Problem:
The copy must match the data below line for line and contain no images.

Data below:
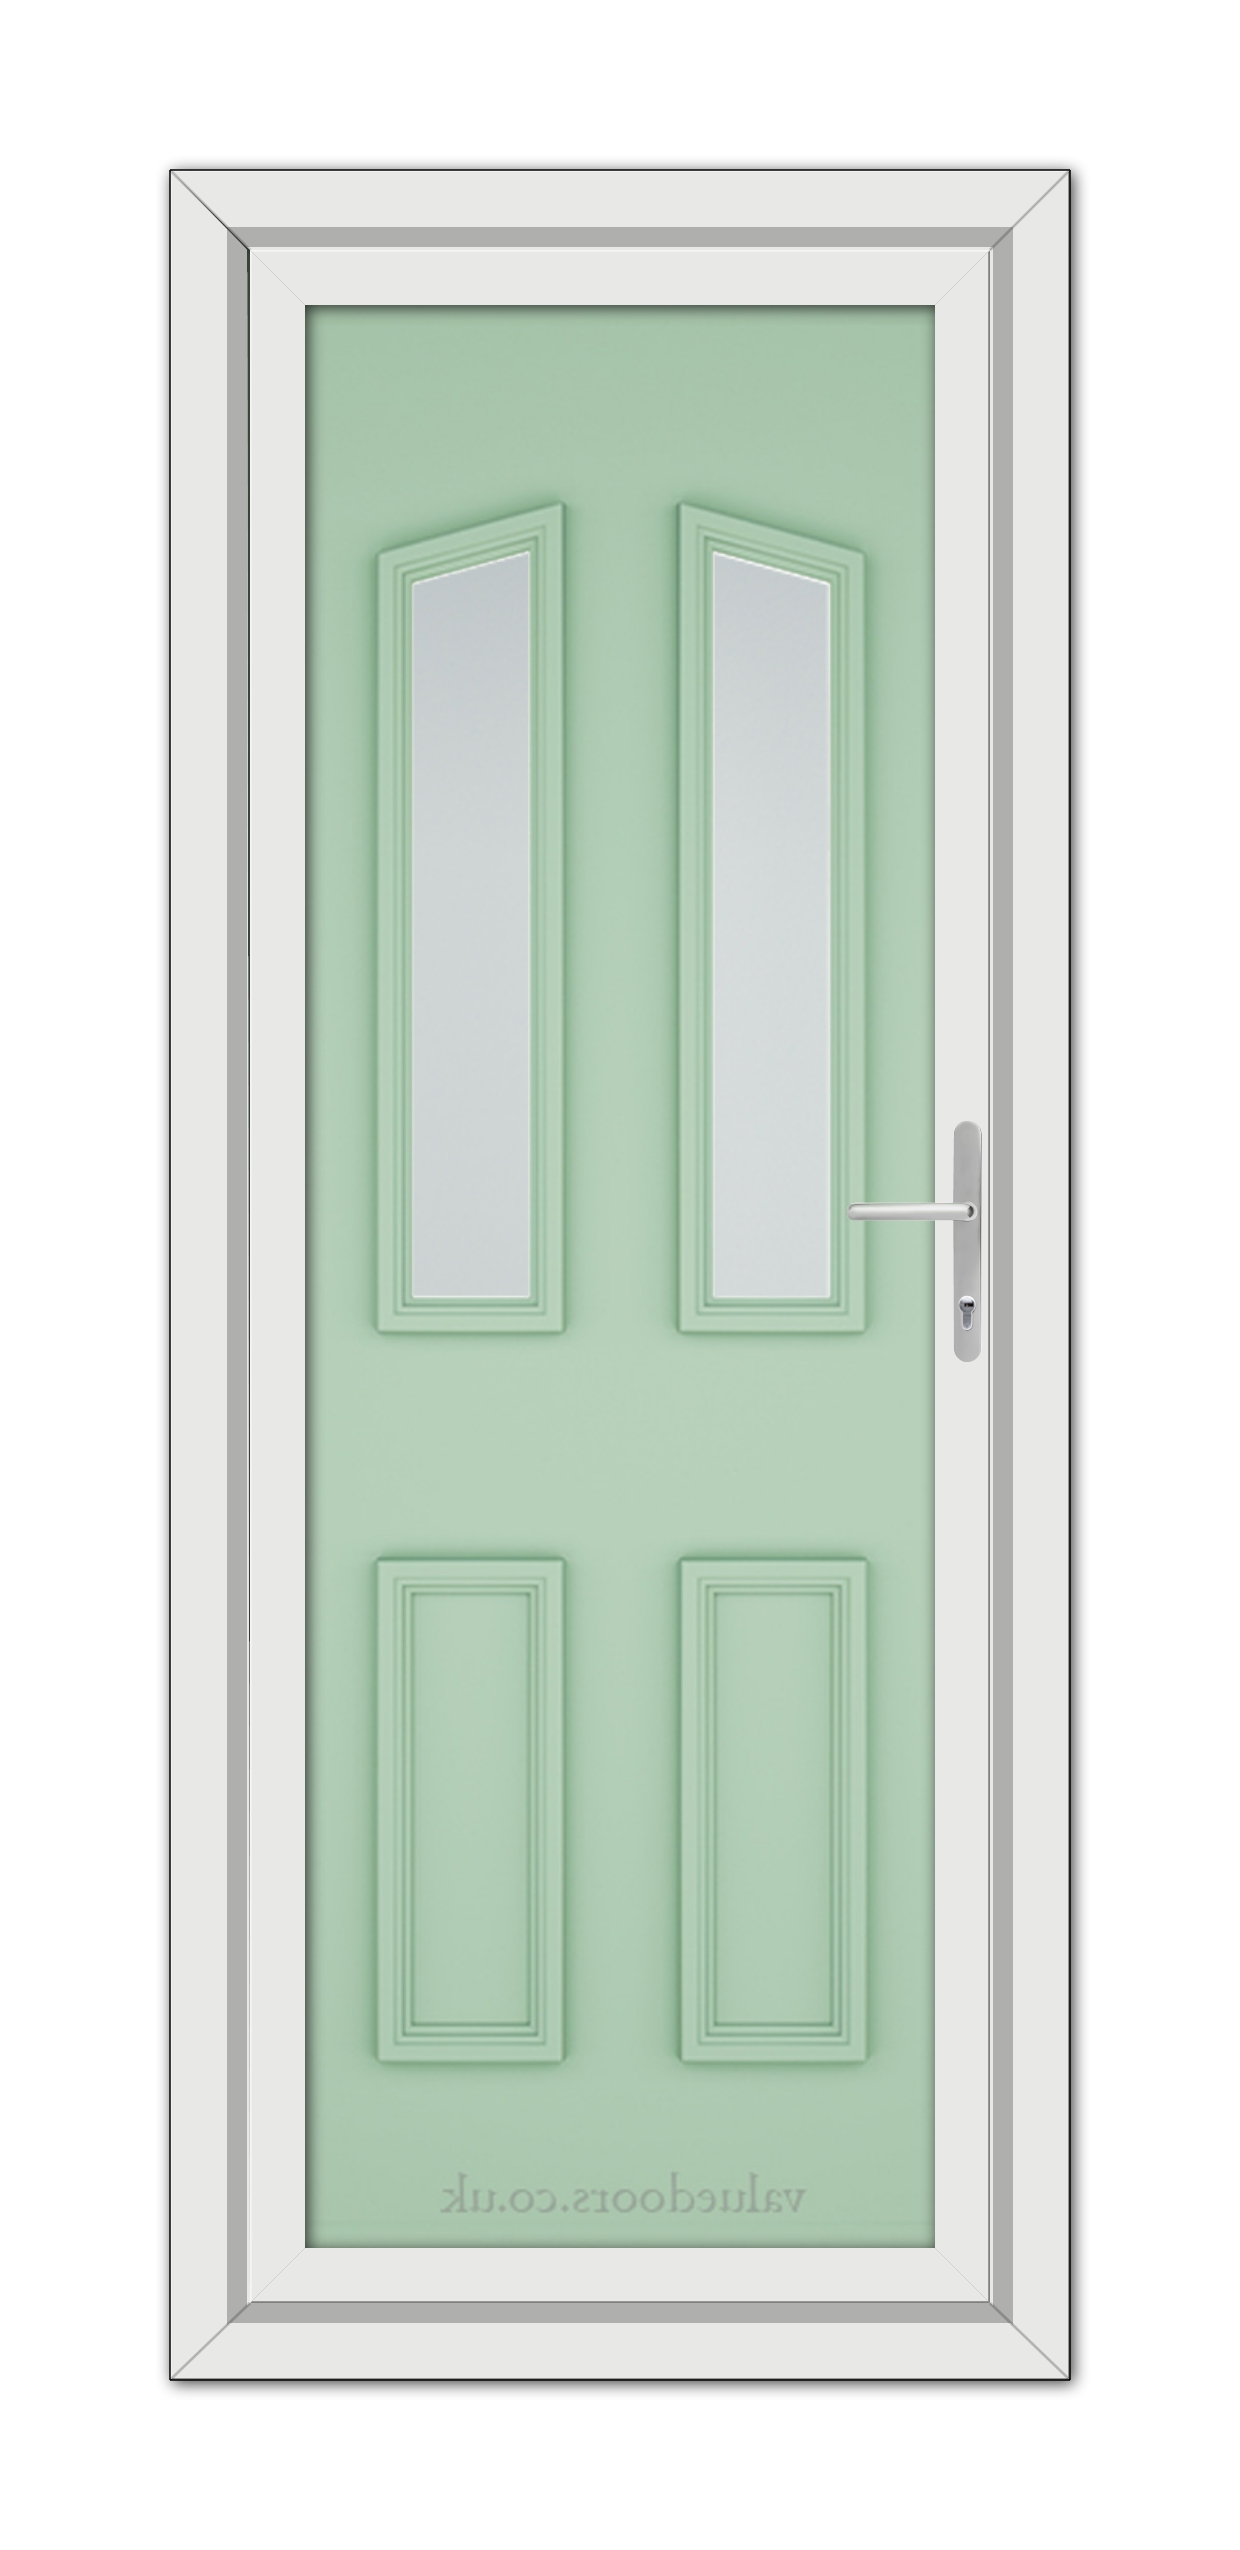 A Chartwell Green Kensington uPVC door with glass panels.
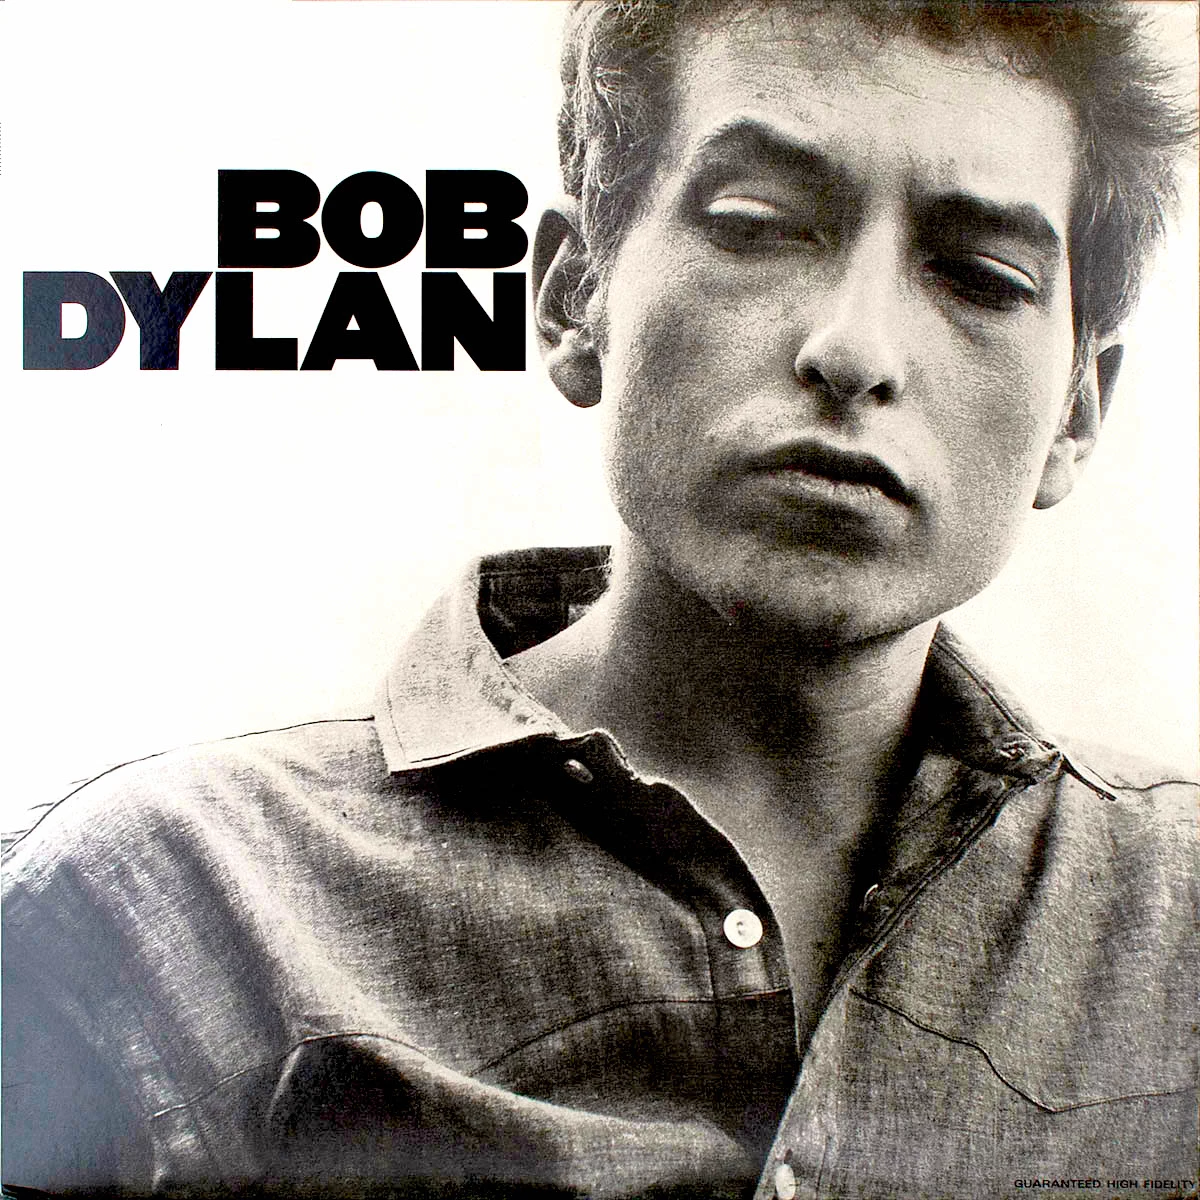 https://townsquare.media/site/295/files/2016/12/Bob-Dylan-Logo-Photo.jpg
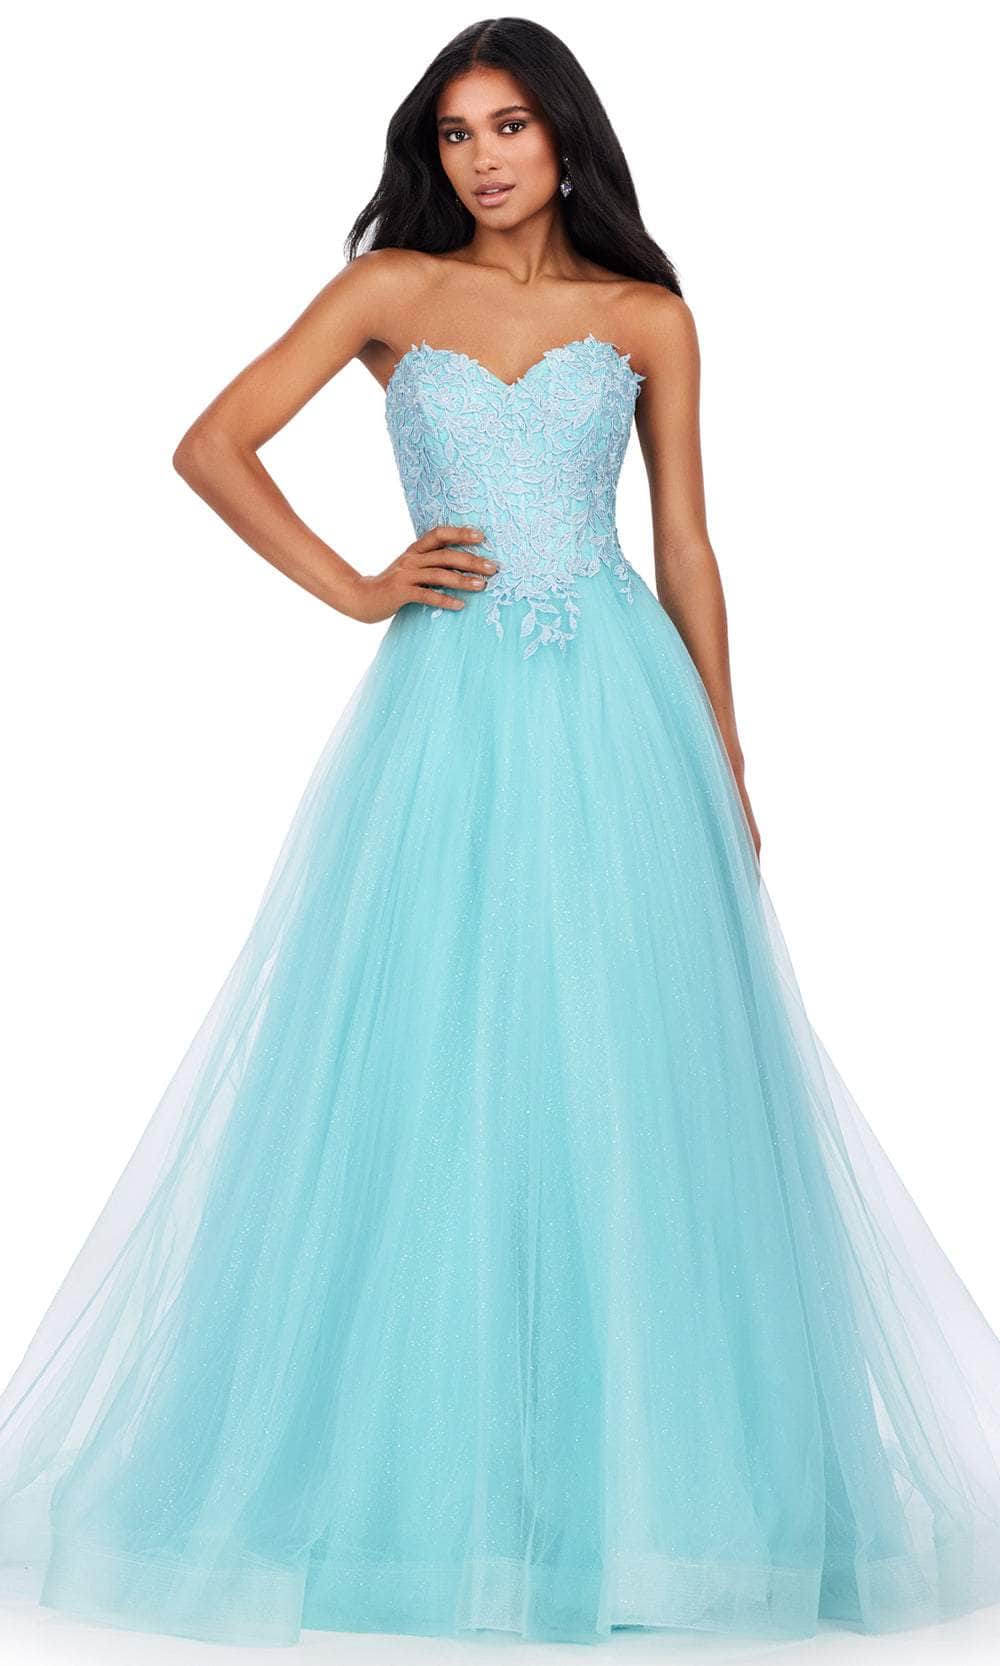 Ashley Lauren 11518 - Sweetheart Applique Prom Dress 00 /  Sky

Solution:
 A Chartwell Green Kensington uPVC door with glass panels.
 https://townsquare.media/site/295/files/2016/12/Bob-Dylan-Logo-Photo.jpg
 Ashley Lauren 11518 - Sweetheart Applique Prom Dress 00 /  Sky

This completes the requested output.